Libby amphibole asbestos is a distinct and relatively uncommon form of asbestos. Id. It is not a commercially viable mineral, but is instead a contaminant in the vermiculite ore from the Libby mine. Id. Hundreds of former mine workers and Libby residents have been diagnosed with asbestos related disease. Id. ¶ 9. Many individuals have died from illness caused by asbestos exposure. Id.
B. Toxicological Review
The EPA initiated an emergency response action in November 1999 to address questions and concerns raised by citizens of Libby regarding possible ongoing exposures to asbestos fibers as a result of historical mining, processing, and exportation of asbestos-containing vermiculite. Id. ¶ 8. As part of its response, the EPA engaged in a number of efforts, including cleanup and related risk management activities in Libby. Id. To support future cleanup efforts and risk related activities, the EPA is in the process of conducting a Toxicological Review of Libby amphibole asbestos (" Toxicological Review" or " Toxicological Assessment" ), which will, among other things, summarize " the potential adverse health effects of Libby amphibole asbestos exposure." Id. ¶ 11. The EPA released its draft Toxicological Assessment for external review and comment in August 2011. Id.
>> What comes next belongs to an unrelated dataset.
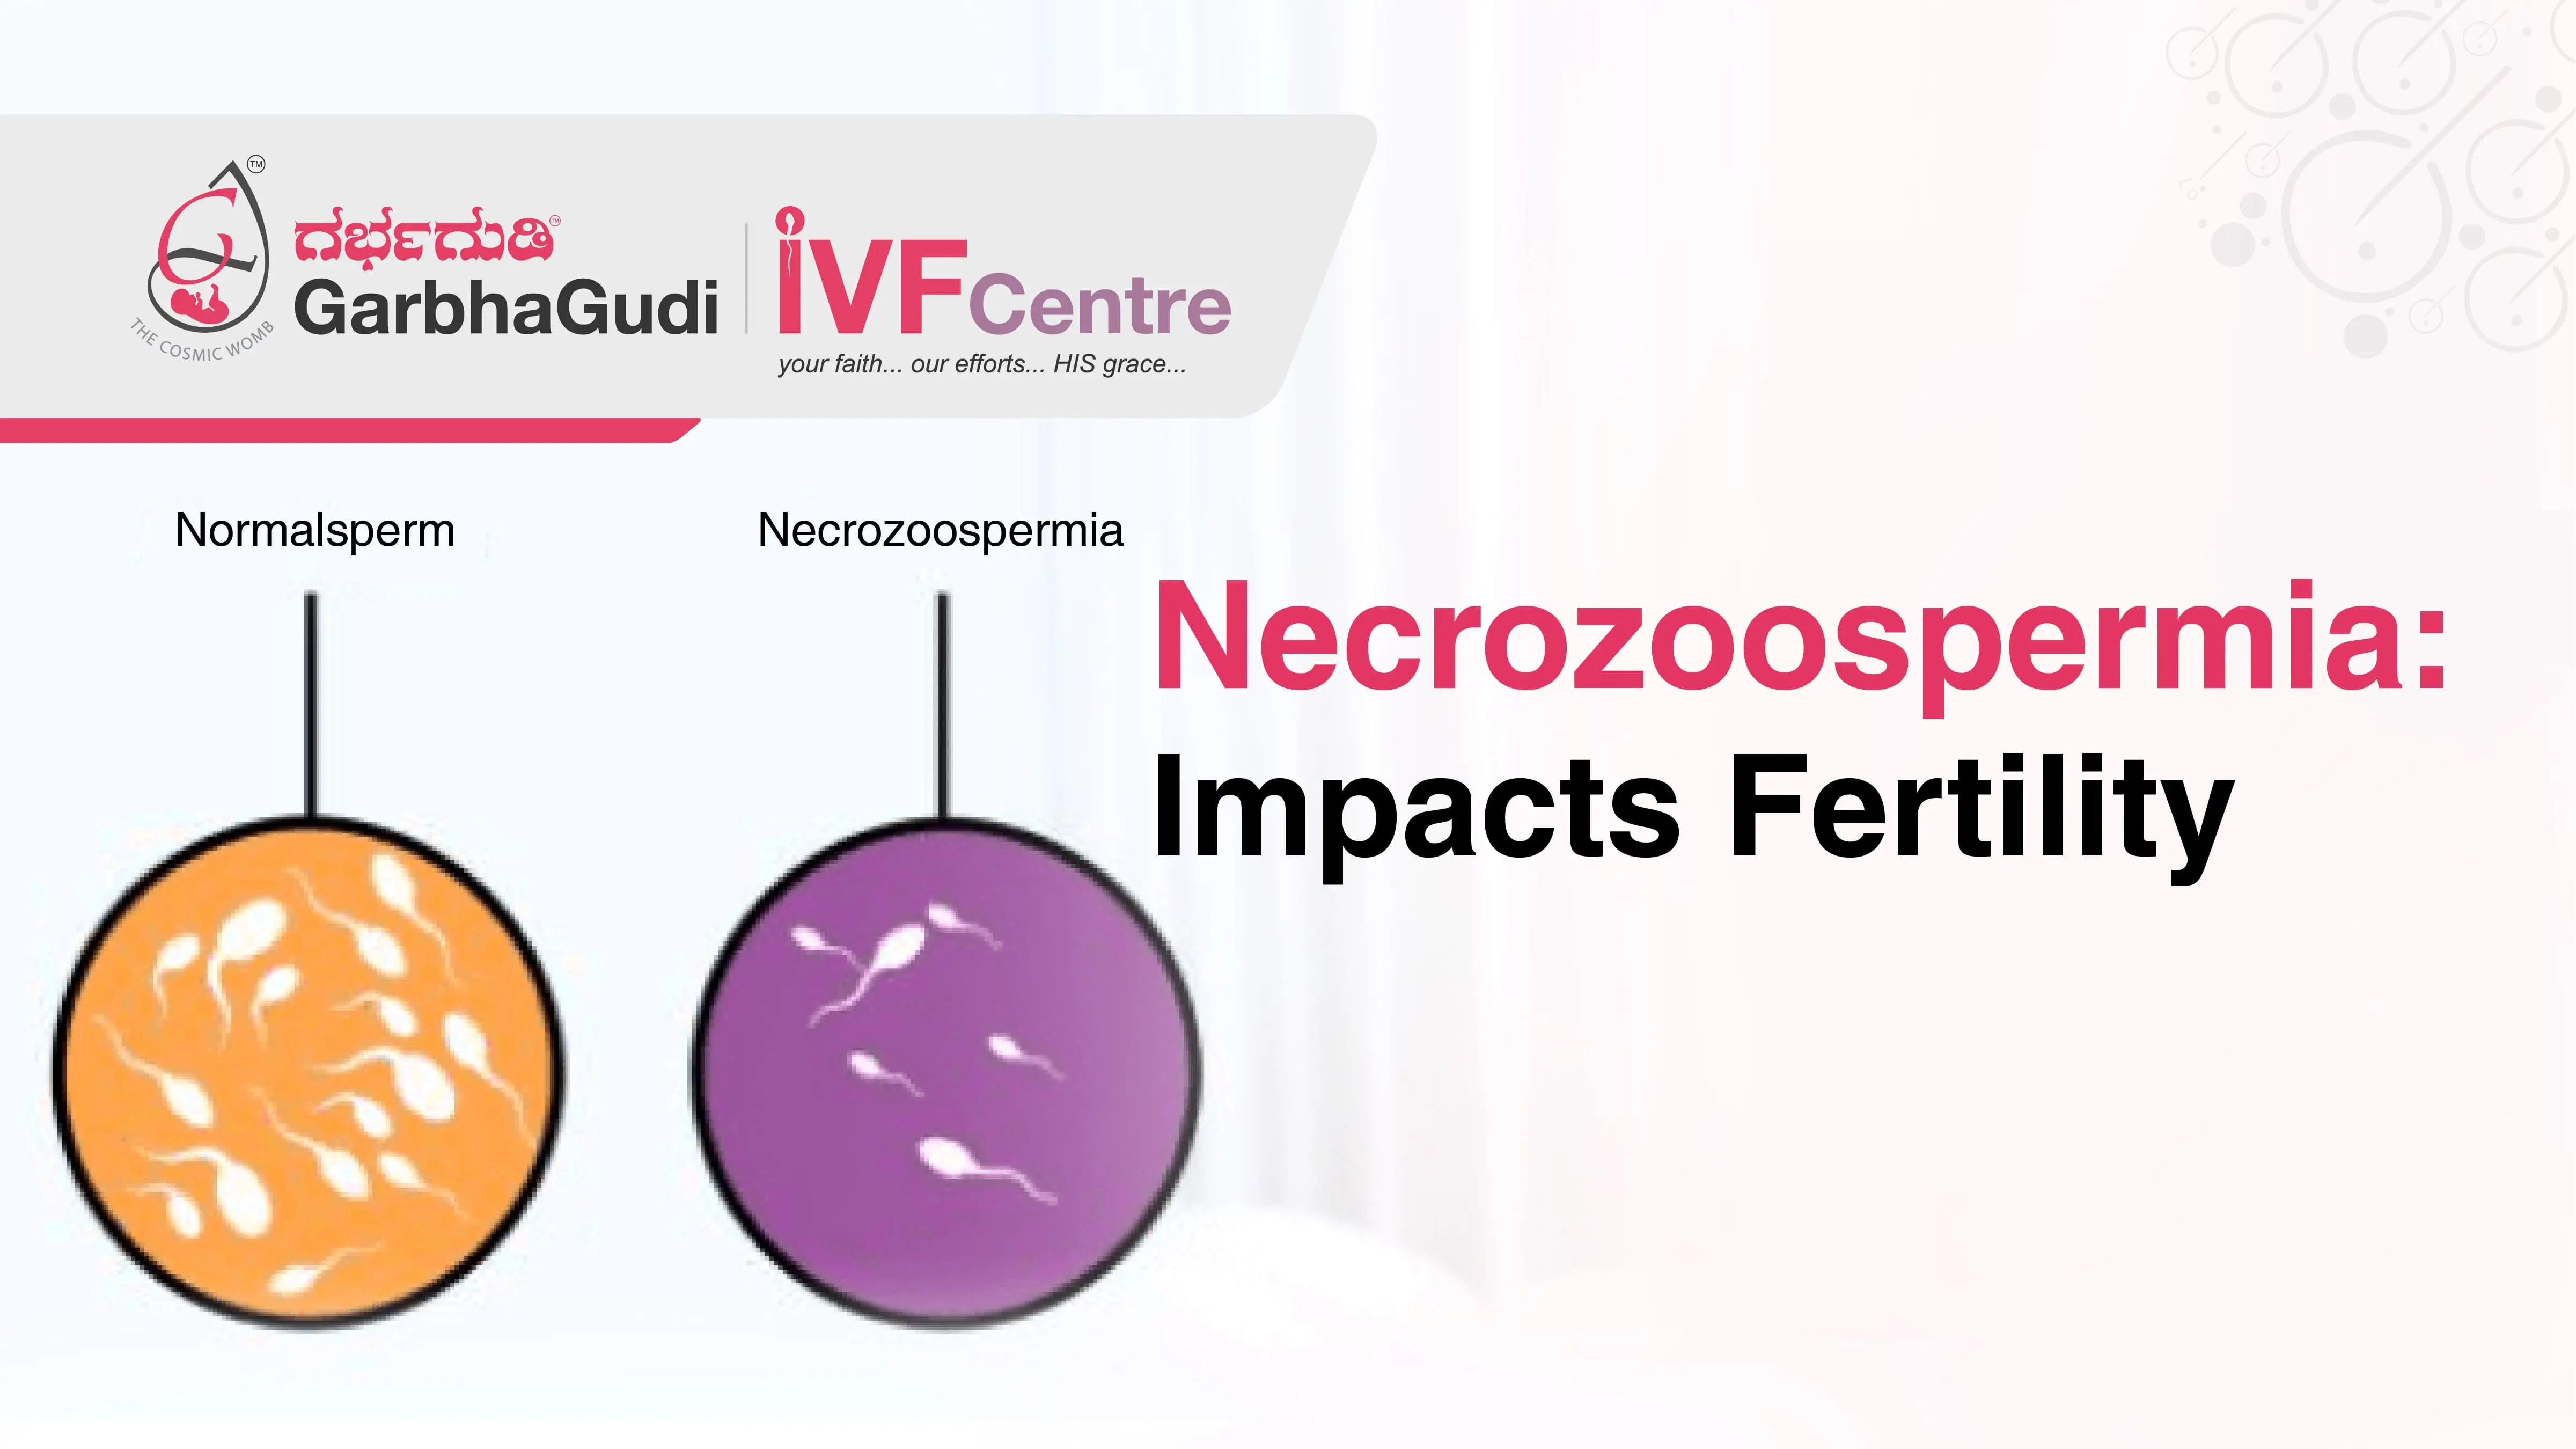 Necrozoospermia: Impacts on Fertility

The draft Toxicological Assessment reviews the potential hazards, both cancer and noncancer health effects, from exposure to Libby amphibole asbestos and provides quantitative information for use in risk assessments. Id. ¶ 14. Occupational epidemiology studies for two worksites where workers were exposed to Libby amphibole asbestos forms the basis of the draft Toxicological Review. Id. ¶ 13. These worksites include the mine and mill near Libby, Montana, and the vermiculite processing plant in Marysville, Ohio, which produced lawn care products using vermiculite. Id. The cohort of workers that were exposed to Libby amphibole asbestos at the plant in Marysville, Ohio, (" Marysville, Ohio Cohort" ) has served as the basis of earlier published, peer-reviewed scientific studies, which the EPA relies on in its draft Toxicological Review. Id.
The final Toxicological Review will be included on the EPA's Integrated Risk Information System (" IRIS" ) database and will be used to support the EPA's cleanup and related risk management activities at the Libby site. Id. ¶ 11. The EPA's IRIS is a " human health assessment program that evaluates information on health effects that may result from exposure to environmental contaminants." Id. ¶ 12. IRIS is used to support the EPA's regulatory activities. Id. ¶ 11. The EPA is in the processes of finalizing its Toxicological Review. Id.
C. University of Cincinnati
There have been additional efforts -- parallel to, and at times related to, the EPA's Toxicological Review -- by federal agencies to study the adverse health effects of Libby amphibole asbestos. Specifically, federal agencies have entered into the following agreements with the University of Cincinnati (" UC" ):
United States Department of Transportation (" DOT" ).
The DOT Volpe Center contracted with UC to update data on the Marysville, Ohio Cohort (" Volpe Contract" ). See Bev's Mot., ECF No. 9 at Ex. B. The Volpe Contract assigned seven tasks to be performed in two phases. Id. The first phase involved scientific assessment
of the ways in which workers were exposed to asbestos and how much asbestos they were exposed to. Id. The EPA funded phase one of the Volpe Contract. See McKean Decl., ECF No. 16-2 ¶ 16. The second phase studied how being exposed to asbestos affected the workers' health. See Bev's Mot., ECF No. 9 at Ex. B. The EPA did not fund phase two of the Volpe Contract. See McKean Decl., ECF No. 16-2 ¶ ¶ 15-16.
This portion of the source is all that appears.